On Sun, 2007-12-30 at 12:21 -0600, reader@newsguy.com
wrote:> I'm looking for a way to accomplish this goal without too much regular
> intervention.
>
> I want to backup.. but no thats not really the word I need here. It
> is a backup but also a continuing non-deleting collection of what
> comes on the spools over time. So the backup will never look like or
> mirror the src, except on the first run.
>
> It is NNTP and Mail spools (in one numbered file per message or post)
> I'm working with, hundreds of thousands of them.
>
> The end result would be (after 12 months) new top level directory started
> every 4th month and no overlap where the changeover occurs.
>
> jan-feb-mar-apr/ may-jun-jul-aug/ sep-oct-nov-dec/
I think these names are unwieldy. You might consider a naming scheme
like 2008T1, 2008T2, 2008T3 (T for third, like Q for quarter) instead.

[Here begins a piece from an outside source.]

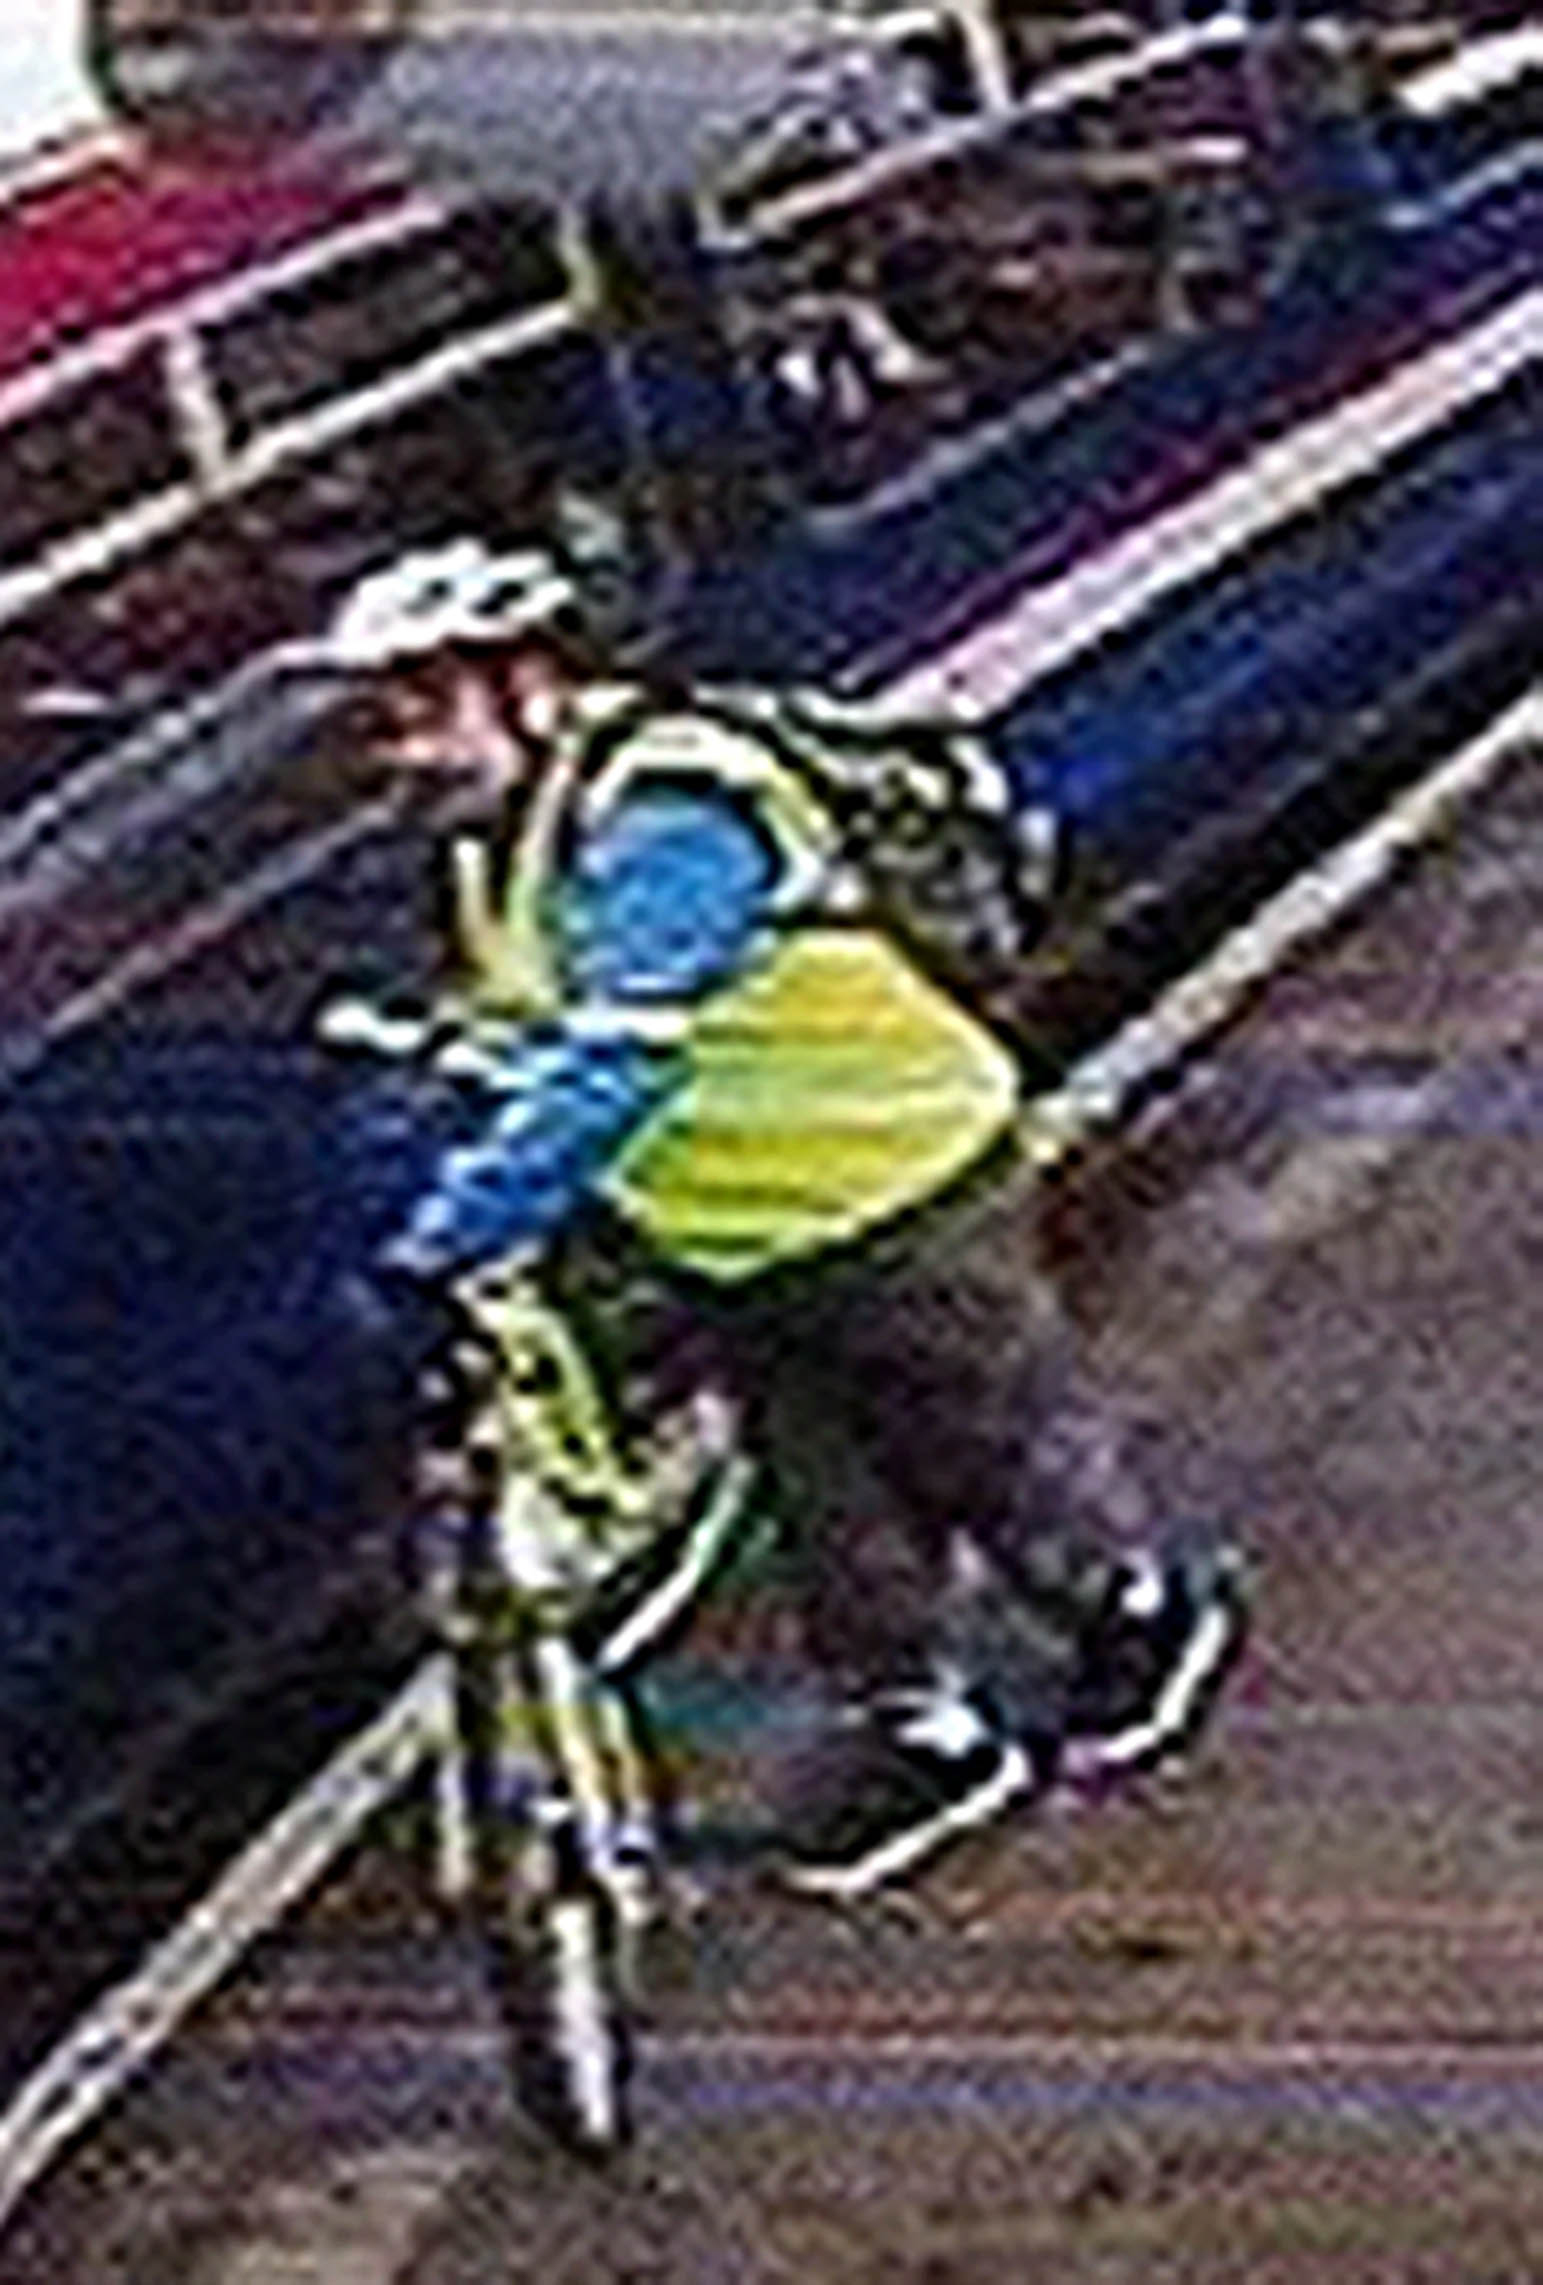 <em>Tony Parsons was last seen on the charity bike ride and was reported missing on October 2, 2017. by Police Scotland</em>.” /><span class=
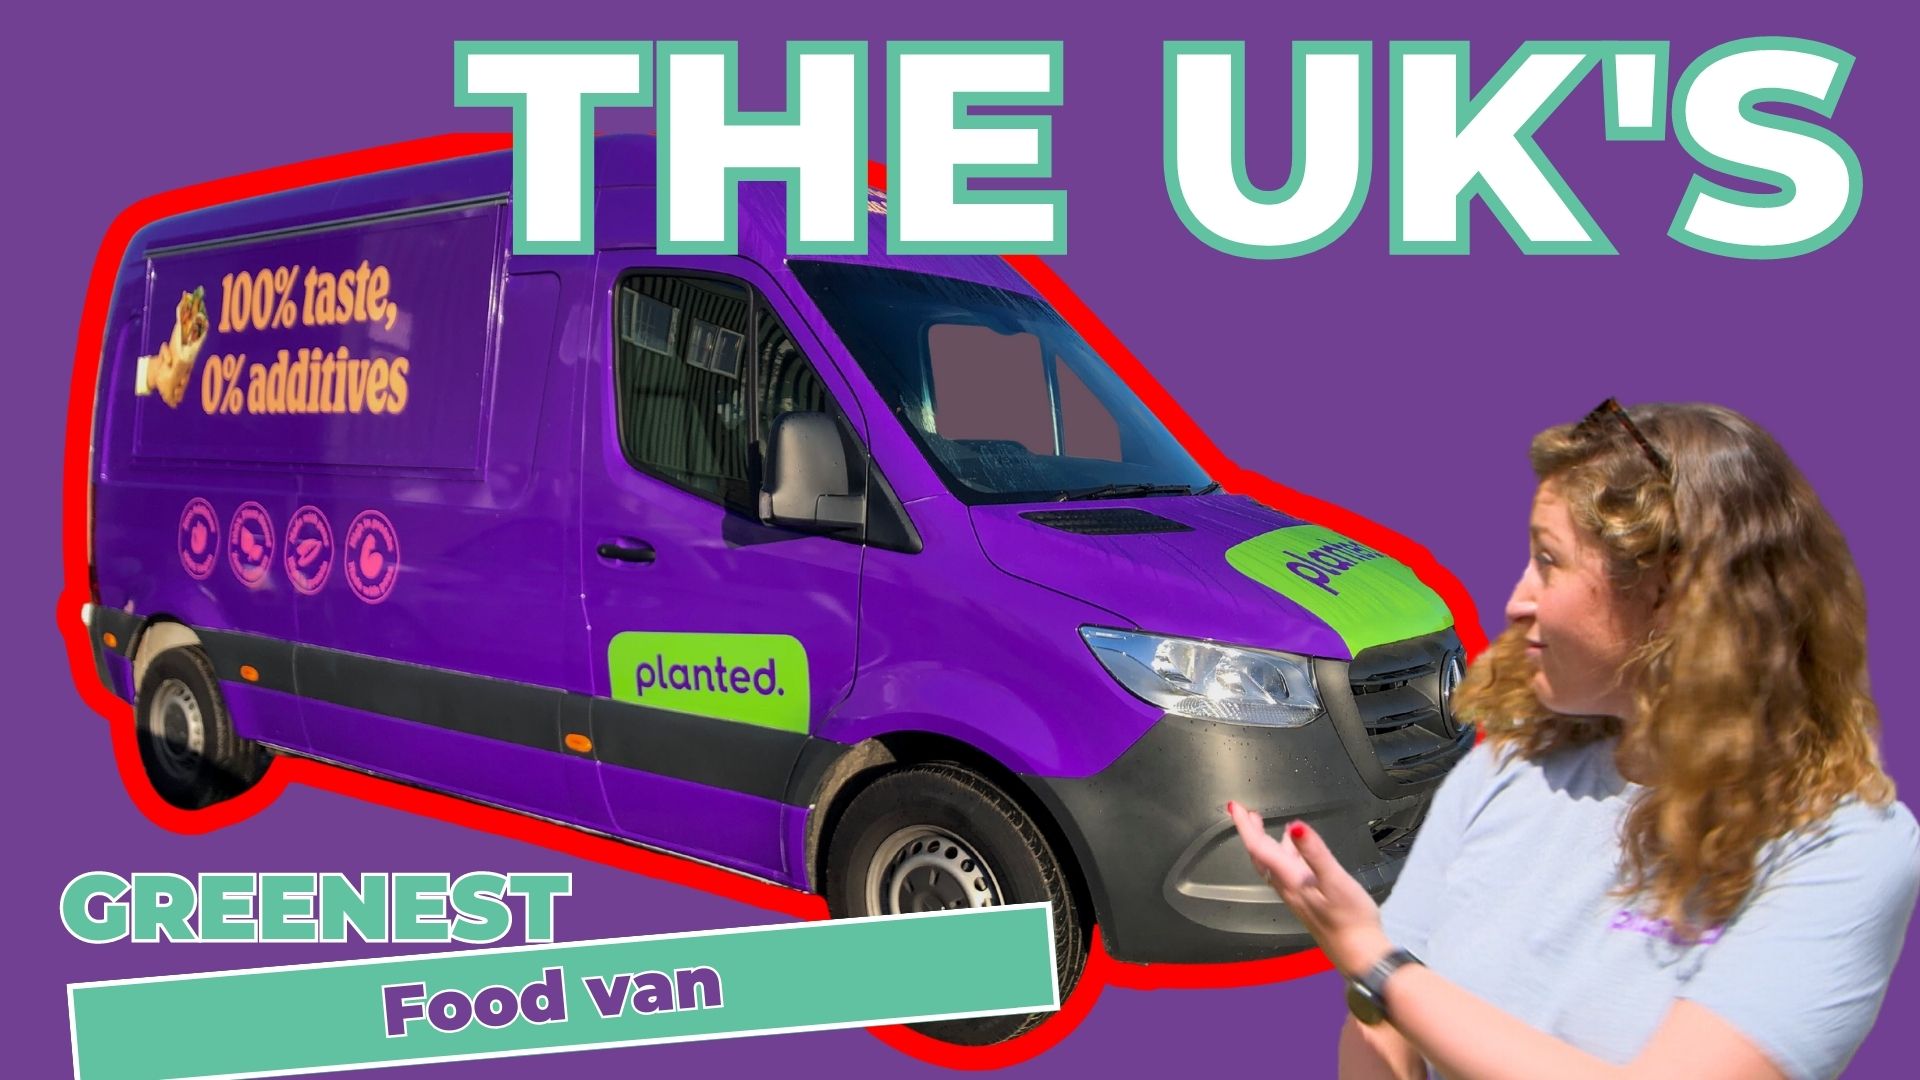 Promohire create the UKs greenest food truck for Planted

> So the problem as I see it is that the src spools continue to accrue
> on the new end and expire on the old with about 5000 message que or
> holding period (works out to close to 1 mnth).
>
> So when a changover occurs, since the new top level heirarchy has
> nothing for rsync to find as `uptodate', it copies over whatever is on
> the src spool which will include a massive amount of overlap.
>
> I guess what I'd like to do is redirect the actual destination but
> make rsync look at the old destination to determine what is uptodate
> for some period.
>
> Its a given that rsync has a wonderfully flexible set of flags and
> switches. Still, near as I can tell what I described is not possible,
> using only rsync switches.
There's a switch just for you: --compare-dest. ?Copy to the new
destination and specify the old destination as a --compare-dest
directory to have rsync skip copying source files that appear
identically in the old destination.
Matt